Writing queries

edit

Once you have data indexed within Elasticsearch, you’re going to want to be able to search it. Elasticsearch offers a powerful query DSL to define queries to execute against Elasticsearch. This DSL is based on JSON and is exposed in NEST in the form of both a Fluent API and an Object Initializer syntax

Match All query

edit

The simplest of queries is the match_all query; this will return all documents, giving them all a _score of 1.0

Not all of the matching documents are returned in the one response; by default, only the first ten documents are returned. You can use from and size to paginate results.

var searchResponse = _client.Search<Project>(s => s
    .Query(q => q
        .MatchAll()
    )
);

which serializes to the following JSON

{
  "query": {
    "match_all": {}
  }
}

Since match_all queries are common, the previous example also has a shorthand which serializes to the same query DSL JSON

searchResponse = _client.Search<Project>(s => s
    .MatchAll()
);

The two previous examples both used the Fluent API to express the query. NEST also exposes an Object Initializer syntax to compose queries

var searchRequest = new SearchRequest<Project>
{
    Query = new MatchAllQuery()
};

searchResponse = _client.Search<Project>(searchRequest);

Search request parameters

edit

There are several parameters available on a search request; take a look at the reference section on search for more details.

Common queries

edit

By default, documents will be returned in _score descending order, where the _score for each hit is the relevancy score calculated for how well the document matched the query criteria.

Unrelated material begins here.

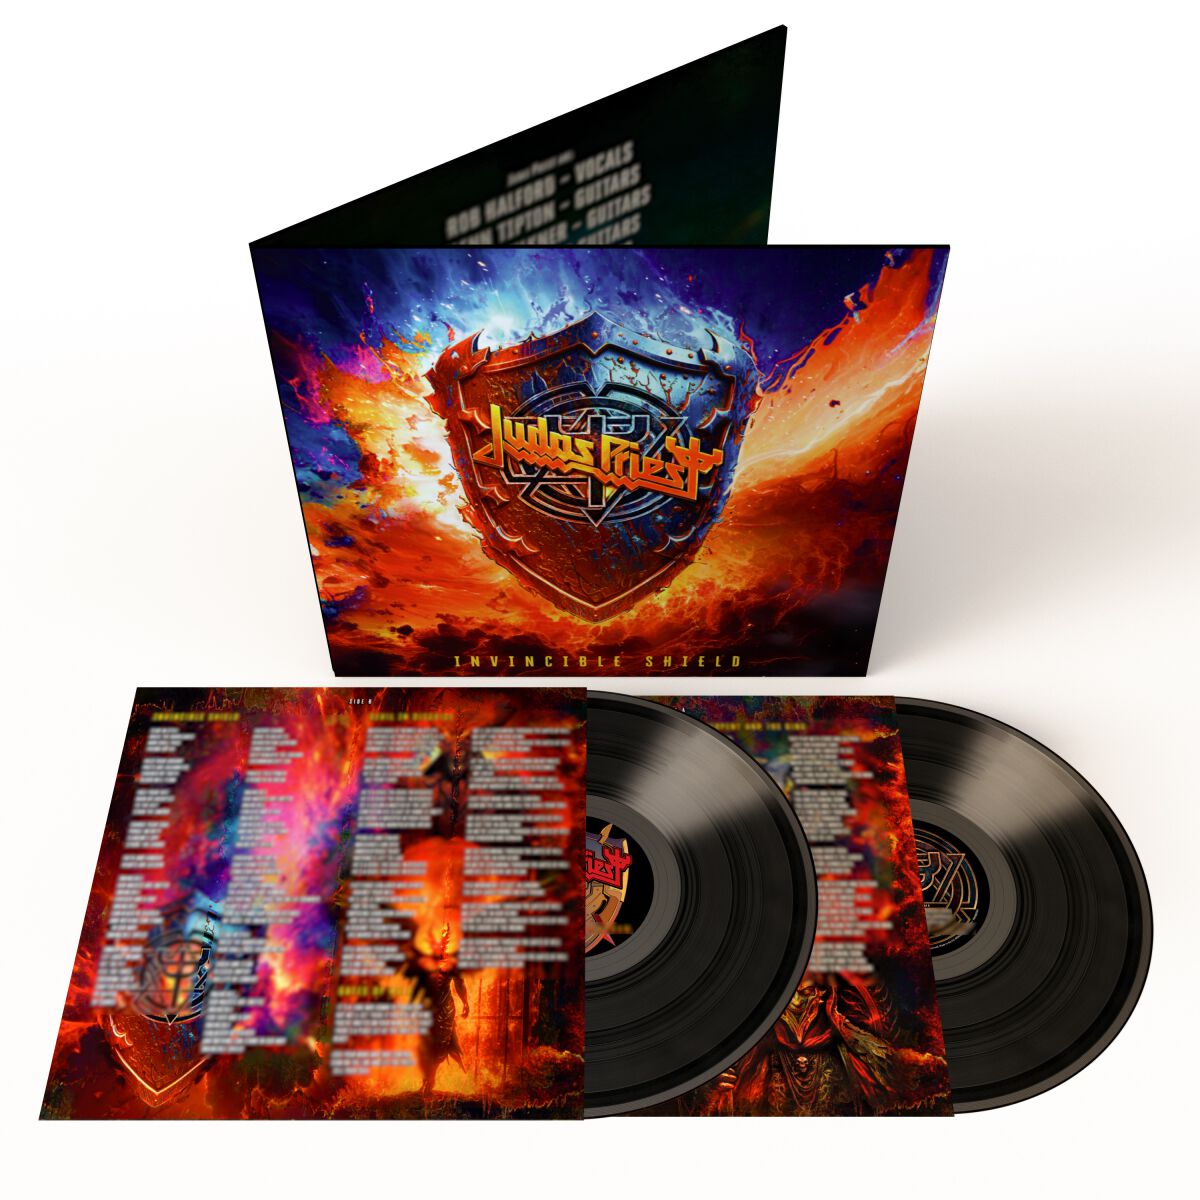 Judas Priest Invincible shield (Alternative Artwork) LP multicolor
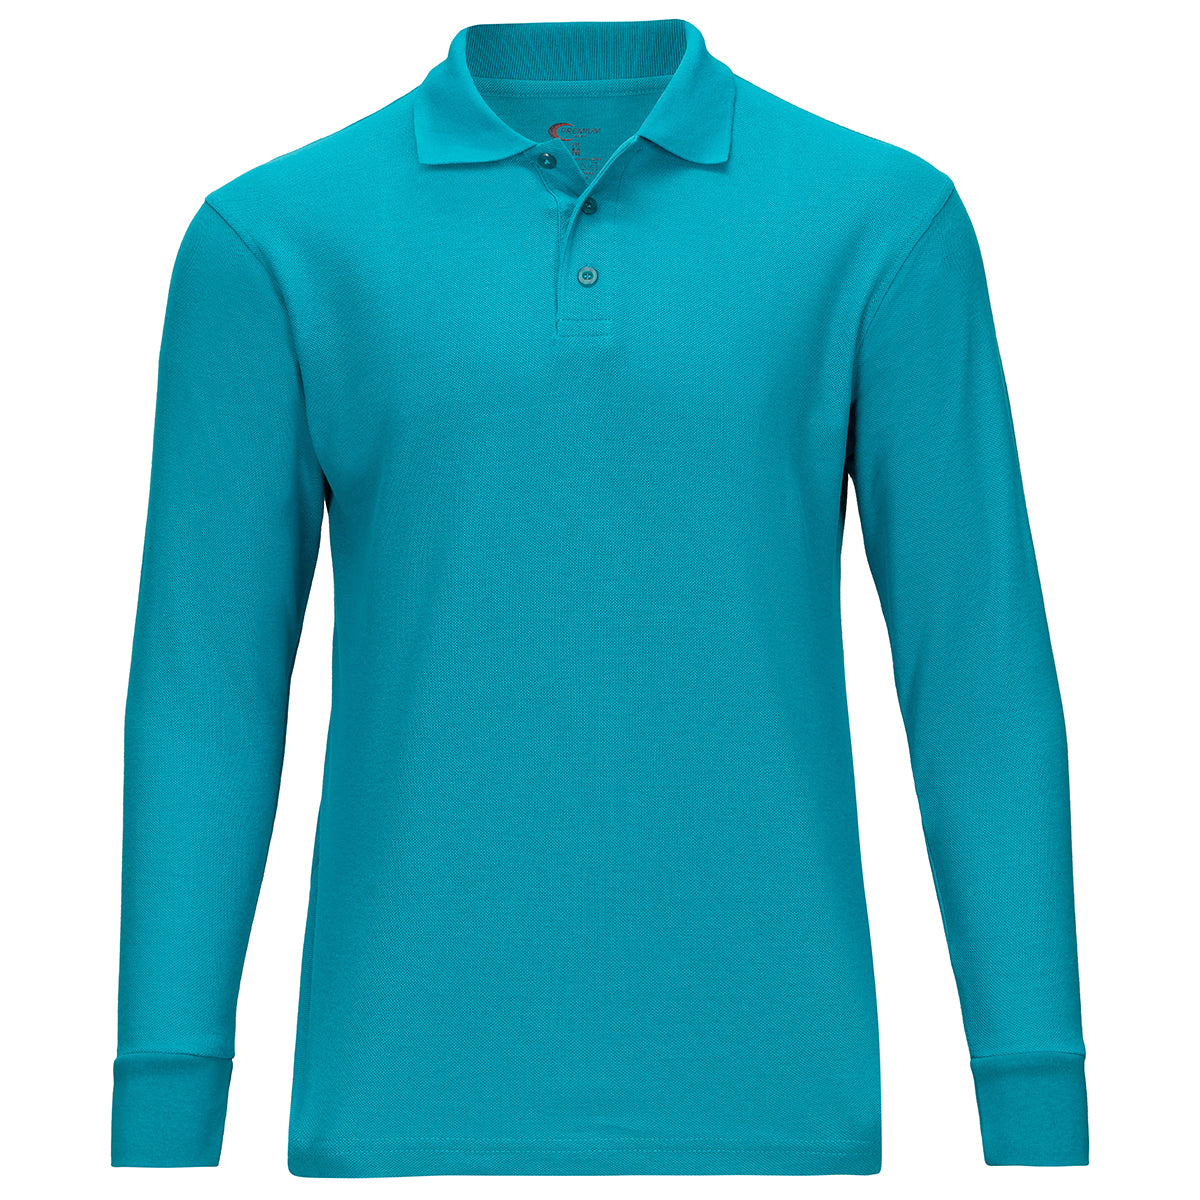 Boys/ Unisex Long Sleeve Pique Polo Shirt

There are a number of search queries at your disposal, all of which are documented in the Query DSL reference section. Here, we want to highlight the three types of query operations that users typically want to perform

Structured search

edit

Structured search is about querying data that has inherent structure. Dates, times and numbers are all structured and it is common to want to query against fields of these types to look for exact matches, values that fall within a range, etc. Text can also be structured, for example, the keyword tags applied to a blog post.

With structured search, the answer to a query is always yes or no; a document is either a match for the query or it isn’t.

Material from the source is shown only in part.